‘We don’t value the arts enough’
Julia Morison didn’t need to give much thought to whether or not to accept her latest accolade. The Christchurch artist has been made an Officer of the New Zealand Order of Merit in the New Year Honours, arguably the highest recognition of a 40-year career.
‘‘Anything that promotes the arts is a really good thing,’’ she said.
‘‘We have so much but we actually don’t acknowledge it too often because it’s difficult to evaluate. We can evaluate our sportspeople because they either win or they lose . . . but with an artist there aren’t any winners or losers. It’s just different. People doing different things.’’
Plenty of her contemporaries would have been worthy recipients of official recognition, she said.
‘‘I’m really honoured that someone thinks that my work is deserving. I know a lot of artists that have turned [honours] down. It may be anti-royalist, it might be political. I don’t know.’’

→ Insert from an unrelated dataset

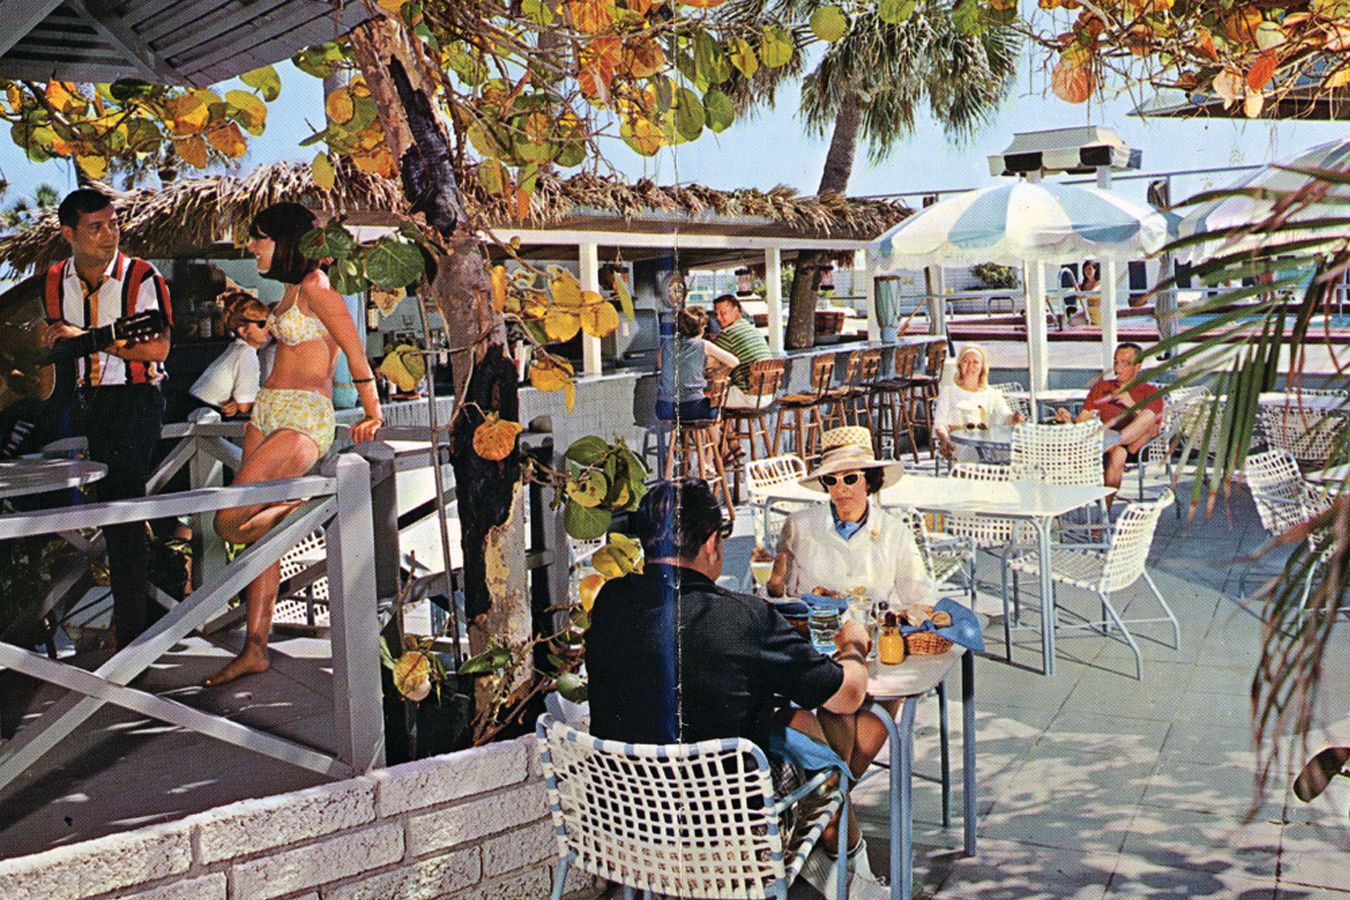 65e33dad9 Where to Eat and Drink on St. Armands/Longboat Key | Sarasota Magazine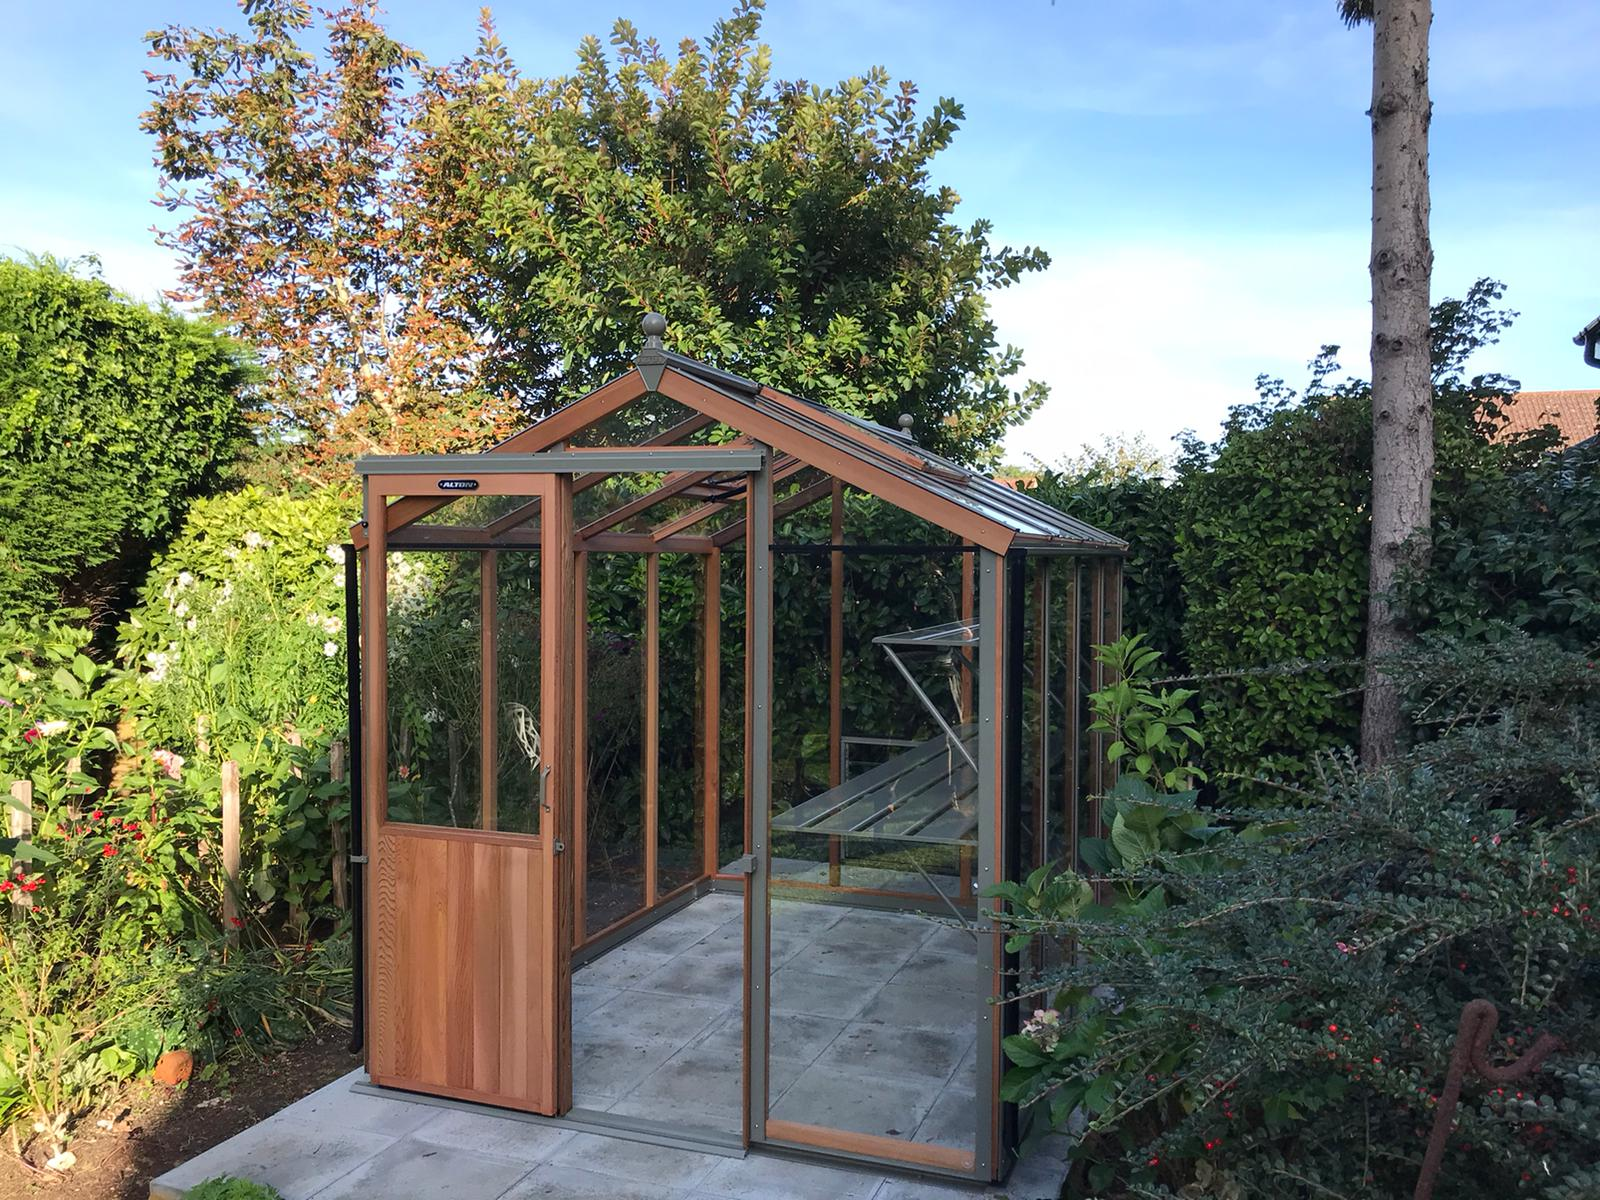 8ft x 6ft Alton Cedar Greenhouse Installation in Billingshurst West Sussex - Magson

Morison’s paintings have been exhibited extensively since the early 1980s, but it is her public artworks since the Christchurch earthquakes that have brought her most prominence. Her response to the disaster, the sculpture exhibition Meet Me on the Other Side, made from discarded objects and liquefaction sediment, won widespread acclaim. Her Tree Houses for Swamp Dwellers sculpture on the corner of Gloucester and Colombo streets, a reference to the pre-European landscape of Christchurch, was for a time the headquarters of the Scape Public Art festival.
‘‘I had no interest at all in making public sculpture before [the earthquakes],’’ Morison said.
‘‘The public sculpture I make, it’s more than just spectacle. They’re kind of social facilitators, I suppose. Tree Houses . . . There’s been weddings in there, poetry readings, people just sit and have their lunch in it. That’s the kind of thing that I had hoped for it.’’
Public art could be a difficult medium, she said. She pursued the idea for Tree Houses herself before Scape picked it up. Subsequent applications for commissions had gone nowhere, she said, including on the ill-fated government plan for an ‘‘art bridge’’ over the Avon River. Crown regeneration agency O¯ ta¯ karo led the project, which was put on indefinite hold when it was found it didn’t fit with development plans for the area. A ‘‘shocking waste of time and money’’, Morison said, but she retained high hopes for the future of public art in Christchurch.
‘‘I’d love to see more projects and I think we need them to make the city interesting. They talk about tourists coming in and activation of the city centre. Art is extremely useful in doing that, as Melbourne found out. The cities that have invested in it haven’t had any regrets about doing that.’’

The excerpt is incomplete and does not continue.